Adapun kesamaannya yaitu: pertama, hukum yang dihasilkan dari ijtihad bersifat zanni (nilai kebenarannya tidak mutlak), dan kedua, objek ijtihad berkisar seputar hukum taklifi, yaitu hukum yang berkenaan dengan amaliah, bukan yang berkenaan dengan akidah. Secara umum ijtihad dapat didefinisikan sebagai upaya sungguh-sungguh untuk mengeluarkan suatu hukum atau ajaran tertentu dari al-Qur’an dan sunnah dengan syarat dan metode tertentu. Namun yang lebih tepat, ijtihad adalah sebuah alat untuk merumuskan hukum atau aturan tertentu dari sumber asli islam. Ijtihad memiliki kesamaan arti dan fungsi dengan istilah Tajdid dapat diartikan sebagai upaya Purifikasi, Revitalisasi, Reformulasi dan Modernisasi ajaran-ajaran islam. Purifikasi artinya pemurnian kembali, yakni mengembalikan ajaran islam sesuai dengan sumber asli yang diajarkan oleh Nabi Muhammad SAW. Revitalisasi adalah pemaknaan ajaran islam sehingga berperan nyata dalam kejiwaan orang bersangkutan maupun dalam kehidupan sosial. Reformulasi adalah penyusunan kembali khasanah keilmuan islam sesuai dengan kebutuhan zaman. Terakhir, Modernisasi adalah upaya menyelaraskan ajaran Islam dengan dunia modern sekaligus mengevaluasi modernisme dengan ajaran Islam. Contoh dari ijtihad yaitu, misalnya : Penentuan I Syawal, Para ulama berkumpul untuk berdiskusi mengeluarkan argumennya untuk menentukan 1 Syawal, juga penentuan awal Ramadhan.
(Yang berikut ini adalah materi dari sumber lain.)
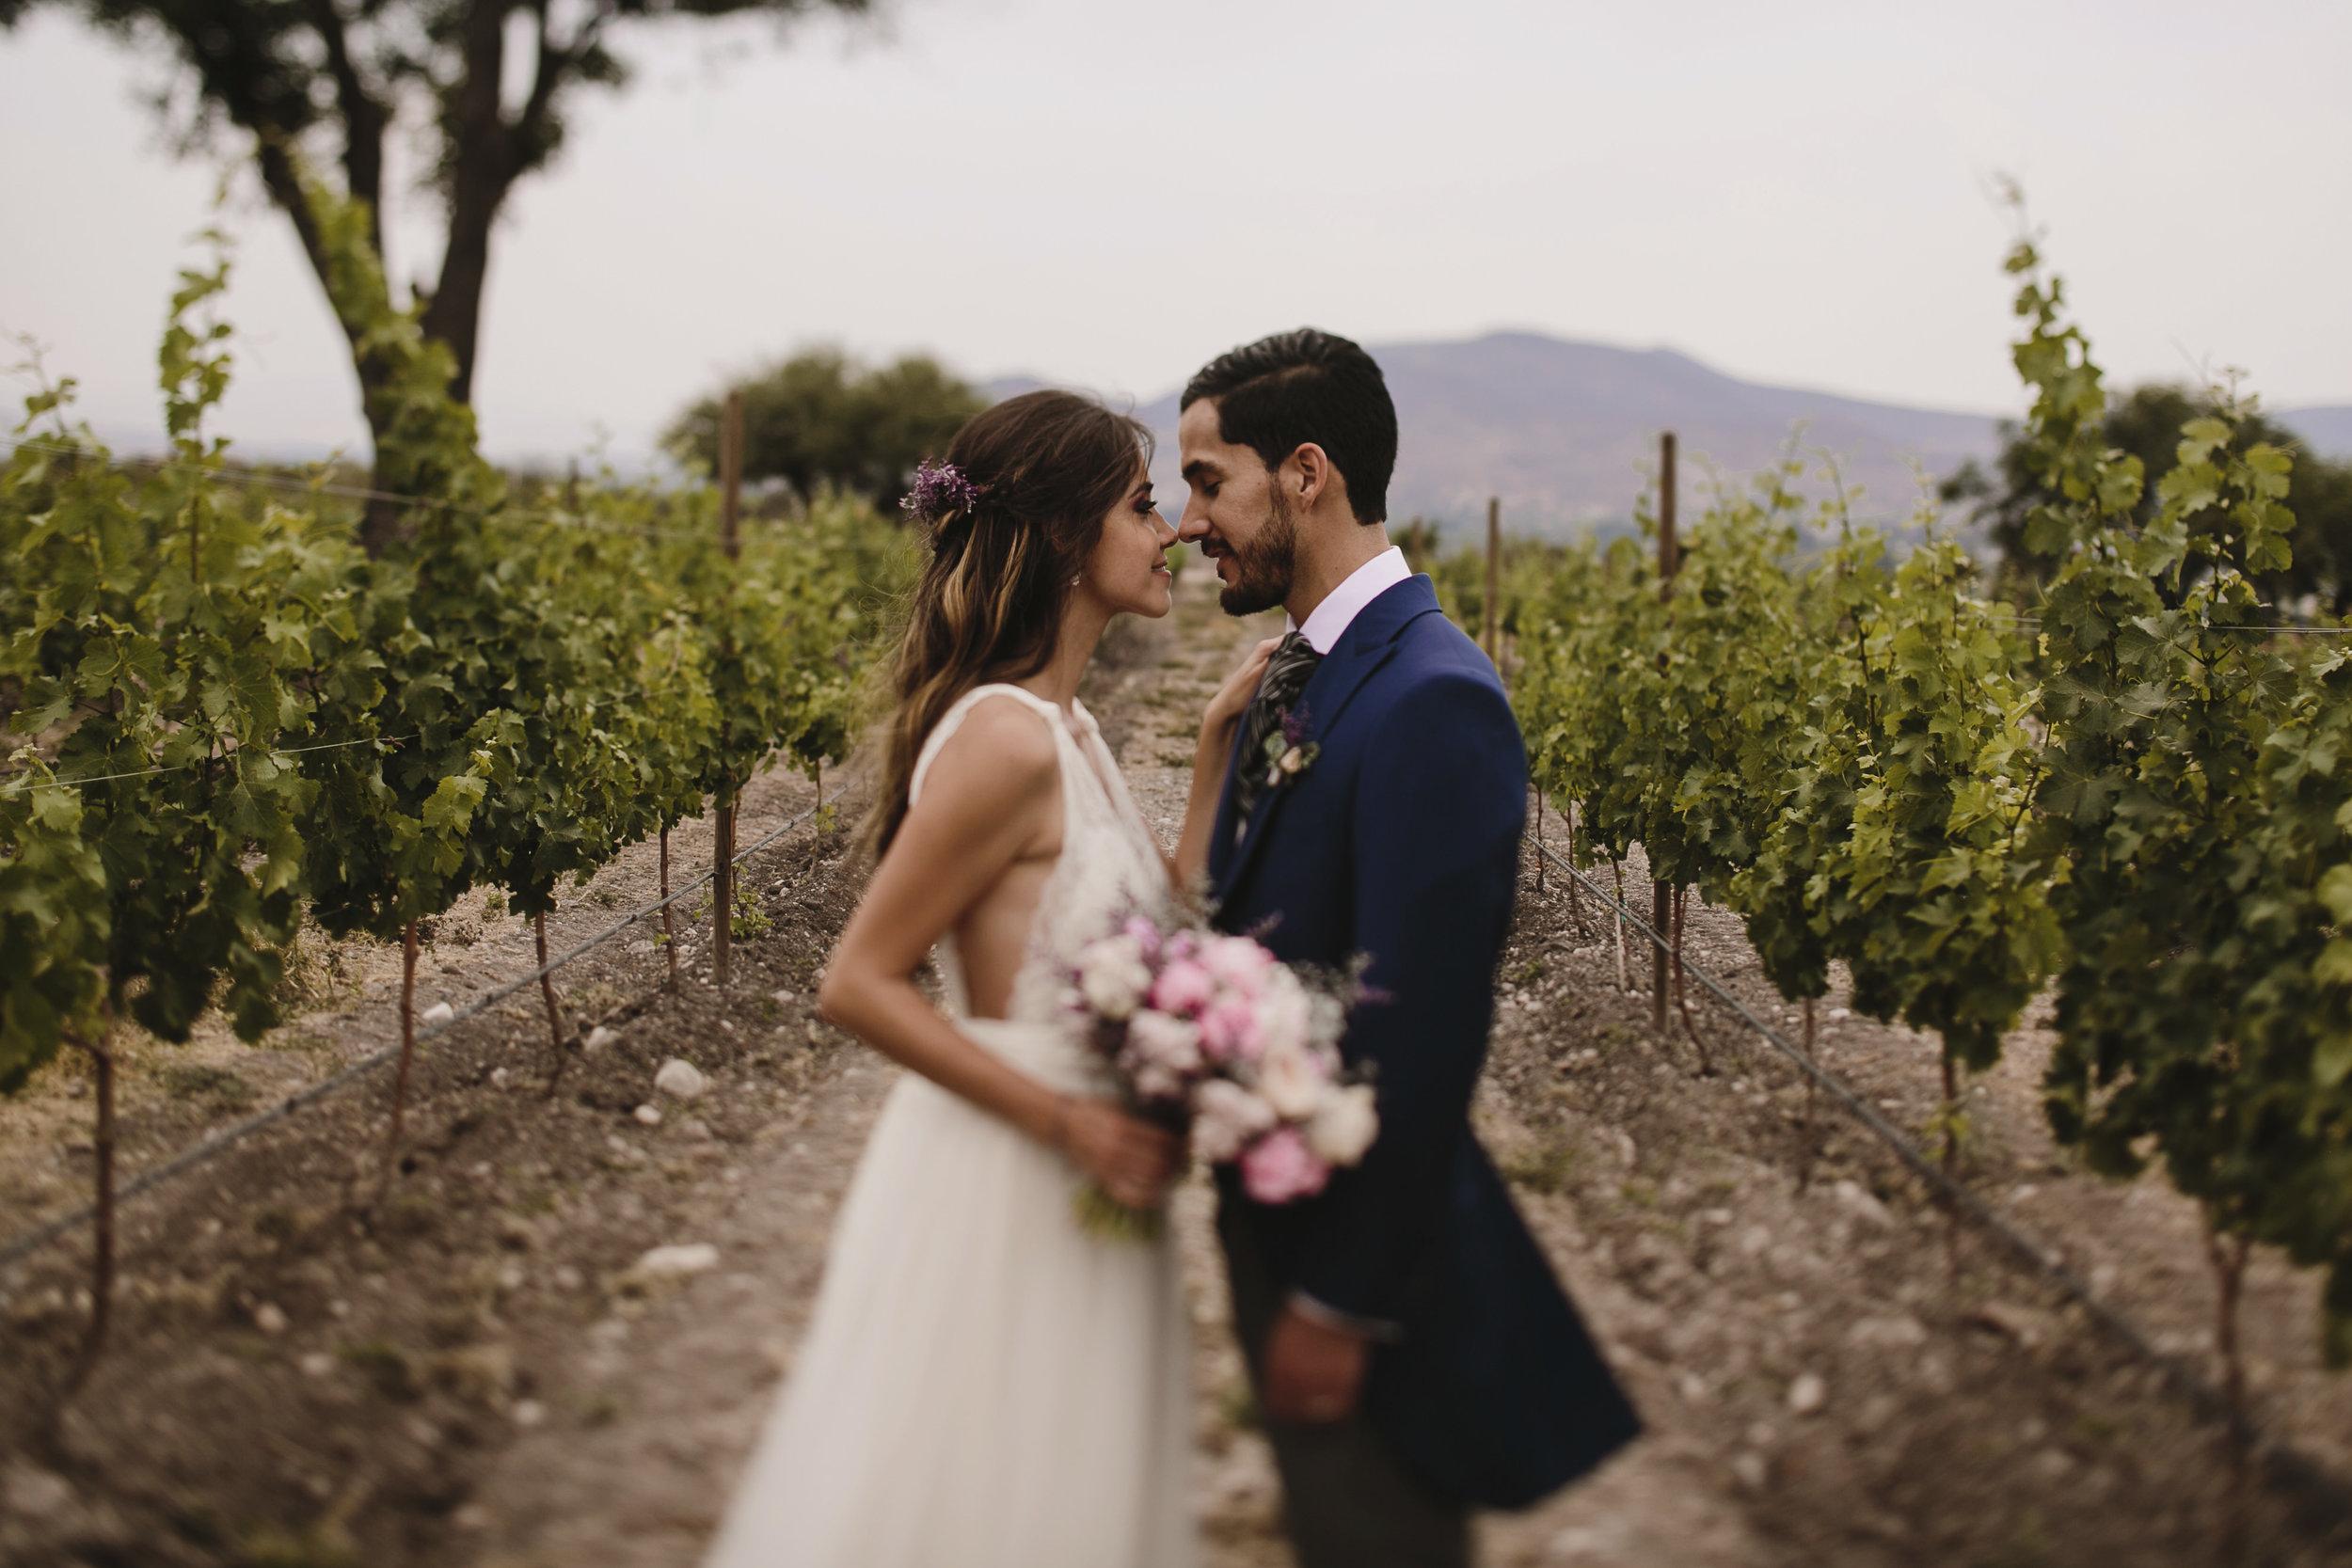 alfons_flores_destination_wedding_photography_mavi_david-1271.JPG

Setiap ulama memiliki dasar hukum dan cara dalam penghitungannya, jika telah ketemu maka muncullah kesepakatan dalam penentuan 1 Syawal.
Oleh karena itu ijtihad sangatlah berguna di zaman yang sudah sangat modern ini agar tetap taat kepada Allah, karena banyak sekali permasalah saat zaman ini yang dapat membuat manusia jauh dari agama apalagi di tambah dengan banyaknya manusia yang tidak dapat atau mau berfikit keadaan umat islam saat ini. inilah manfaat Ijtihad yaitu :
1.      Setiap permasalahan baru yang dihadapi setiap umat dapat diketahui hukumnya sehingga hukum islam selalu berkembang serta sanggup menjawab tantangan.
2.      Dapat menyesuaikan hukum dengan berdasarkan perubahan zaman, waktu dan keadaan.
3.      Menetapkan fatwa terhadap masalah-masalah yang tidak terkait dengan halal atau haram.
4.      Dapat membantu umat islam dalam menghapi setiap masalah yang belum ada hukumnya secara islam.


 BAB III
PENUTUP

A.    Kesimpulan
Dengan mengetahuinya sumber ajaran agama Islam maka kita tidak akan lagi bingung bagaimana memutuskan suatu perkara, membedakan mana yang benar atau salah dan dengan cara menerapkan sumber ajaran agama Islam itu, seperti halnya Al-Quran, As-Sunnah dan Ijtihad dalam kehidupan sehari-hari kita. Dengan memandang bahwa sumber itu sebagai pedoman, petunjuk, acuan di dalam kehidupan kita, maka dengan diterapkannya Al-Quran, As-Sunnah dan Ijtihad kita tidak akan bingung lagi hidup di dunia,bimbang dalam menjalani kehidupan karena insya Allah kita akan selamat di dunia dan akhirat apabila menerapkan sumber ajaran agama islam tersebut.
B.     Saran
Jadikanlah Al-Quran, As-Sunnah dan Ijtihad untuk pedoman hidup kita, karena dengan mempelajari dan menerapkannya maka kita akan mengetahui mana yang baik dan buruk dan apa yang paling utama dan dipentingkan terlebih dahulu dalam hal apapun.



  DAFTAR PUSTAKA

Risalah islam.2013.Sumber Ajaran Islam Al-Quran  Hadits.2 November 2015
Abdullah21.wordpress.com.2008.Sumber Ajaran Islam.5 November 2015
tim penulis.2009.Pendidikan Agama Islam.Uhamka Press.